1. First thing is the size of your radiator. If the piece will be of the size of 2 midsized cpu radiators (so lets say 750g of aluminium with some copper core) then it is absolutely no problem. I think I would even try with a 400-500g piece (or even slightly lower but I don`t want be billed for your COB LED). While operating the radiator should be warm, even slightly hot will do, but your led life will be considerably shortened. 
2. Of course the design (optimized for passive convection) and material of the radiator matters - you of course prefer copper (silver, grafen and diamond coating are welcome too  )
3. Placing of the radiator (unblocked convection and fresh air)
4. THE LED. 30w quality led? Or a non labeled cheapo? Best of the best could achieve lets say 16w light output and 14w heat. Worst will do 8w light and 22w heat (numbers out of my head just for general reference). 
5. Led driving: of course the current settings will change the values from point 4. If you drive on very low current then the efficiency will rise, but you will have to use more leds to achieve the same light output.
6. Even led mounting is important. Radiators efficiency rises for higher temps (delta between radiator temp and ambient temp). 
Screwed led would transfer heat to the radiator more effectively, allowing to cool down the precious led core better and transfering the heat to the radiator (making the radiator delta temp bigger). Glued or screwed without thermal paste will let cook the led in its sausage, leaving it hot inside and not allowing to transfer the heat to the radiator. 

I hope I could help.


----------



## YellowGTO (Dec 20, 2013)

M79 said:


> Hi mate,
> 
> as always: it depends.
> 
> ...



Actually you replayed with everything I wanted to know lol. Copper core, screw mount is not a problem. Thanks a lot!


----------



## M79 (Dec 21, 2013)

You're welcome.
Just one more hint: use thicker (few mm) aluminium as your track. Connect the radiator thermally to the track; you`ll be really fine then.


----------



## Epsilon (Dec 22, 2013)

Yes, totally possible.

The thing is: Use heatsink which are designed to be used without a fan. CPU Heatsinks are not designed for that purpose and will not function great in that role. You want the natural convection of the air to do the work and this is less the case with heatsinks designed for usage with a fan.

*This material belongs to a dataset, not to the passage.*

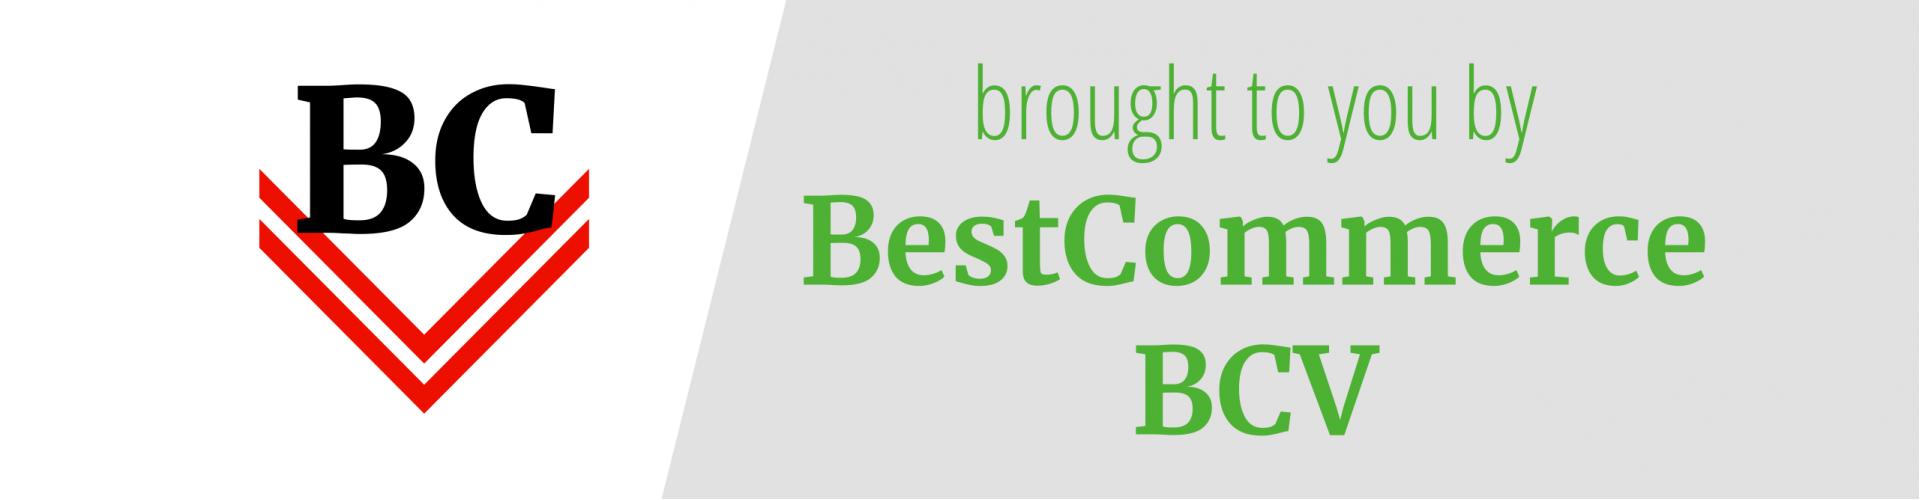 BestCommerce BCV

IE more like this: http://www.lcaudio.com/index.php?page=323
Than :http://www.vantecusa.com/en/product/view_detail/132 (It says "passive" but it really is designed to be put in an air-flow of a 1U server).

The passive heatsinks are always rated in "Degrees/watt", normally in "K/W" which is Kelvin (the same as Celcius but with a different starting point). Which means that for every watt put in, the temperature is above ambient temperature by that much degrees in celcius/kelvin. The lower the number, the better.
I would aim at a operating temperature of around 60degress celcius. Which on hot days, means a 30degC above ambient.

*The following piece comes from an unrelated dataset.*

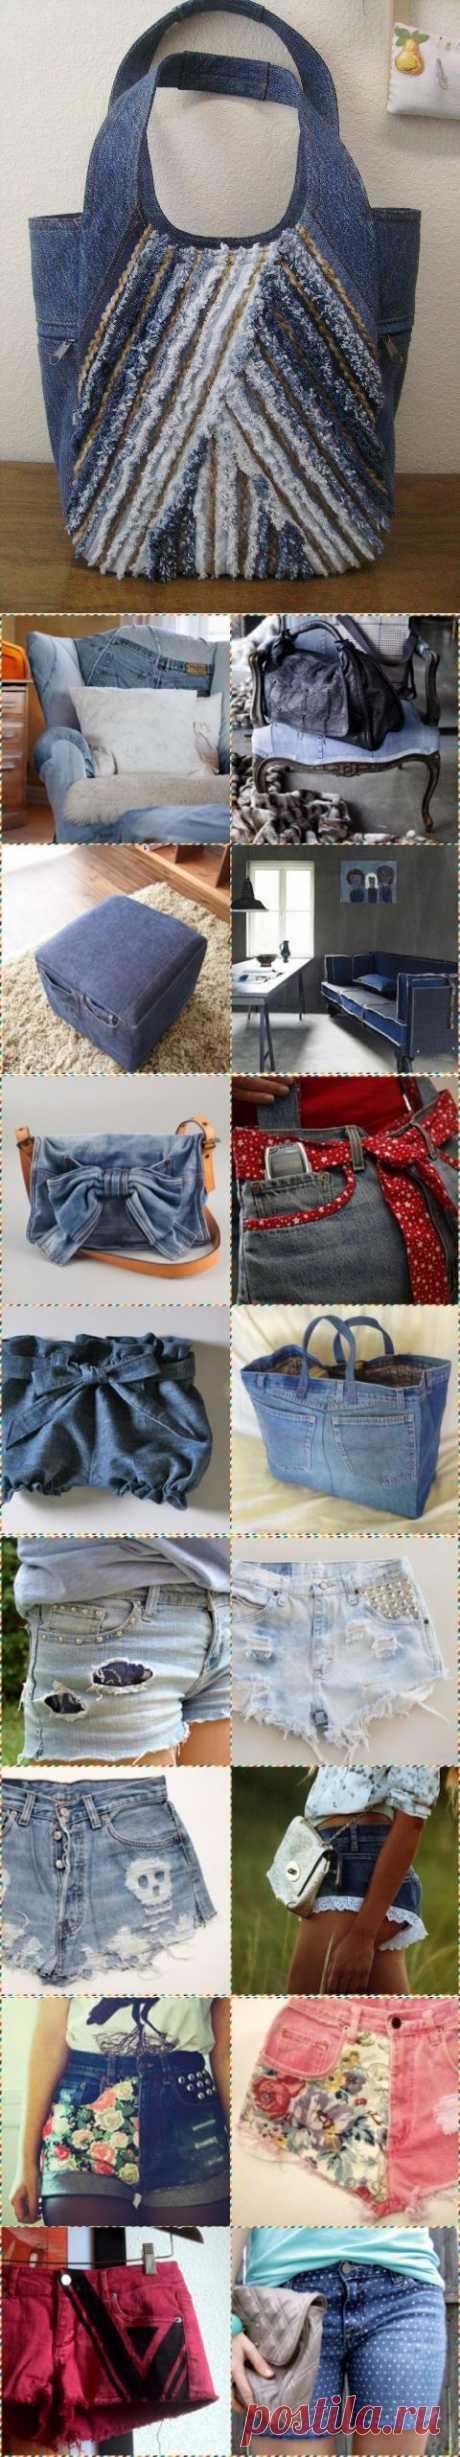 60 идей для переделки старой джинсовой одежды / Я - суперпупер

With a heatload of 30W (conservative, it will be less) you will need a heatsink of 1.0 K/W. 

Example: http://www.conrad.nl/ce/nl/product/188013/ which is 0.68 K/W at 200*150*40mm
Example: http://www.conrad.nl/ce/nl/product/188009/ which is 1.07 K/W at 200*75*40mm

Both have a thick base to spread out the heat.
As you can see: considerably larger that a CPU heatsink in size. In this buisness, size and surface area matters, but only if convection can touch it. 

The mass is pretty irrelevant if you are running the light of extended periods of time. Aluminium and copper have similar thermal capacity (not conductivity!). Aluminium is 880J/kg*K, which means that for 0.5kg and 30W heatload, you will reach the 60deg almost in (880*0.5*(60-30) / 30W(= J/s)) = 440seconds. It will lose some heat due to the heatsink working, but the time is far below "a few hours".


----------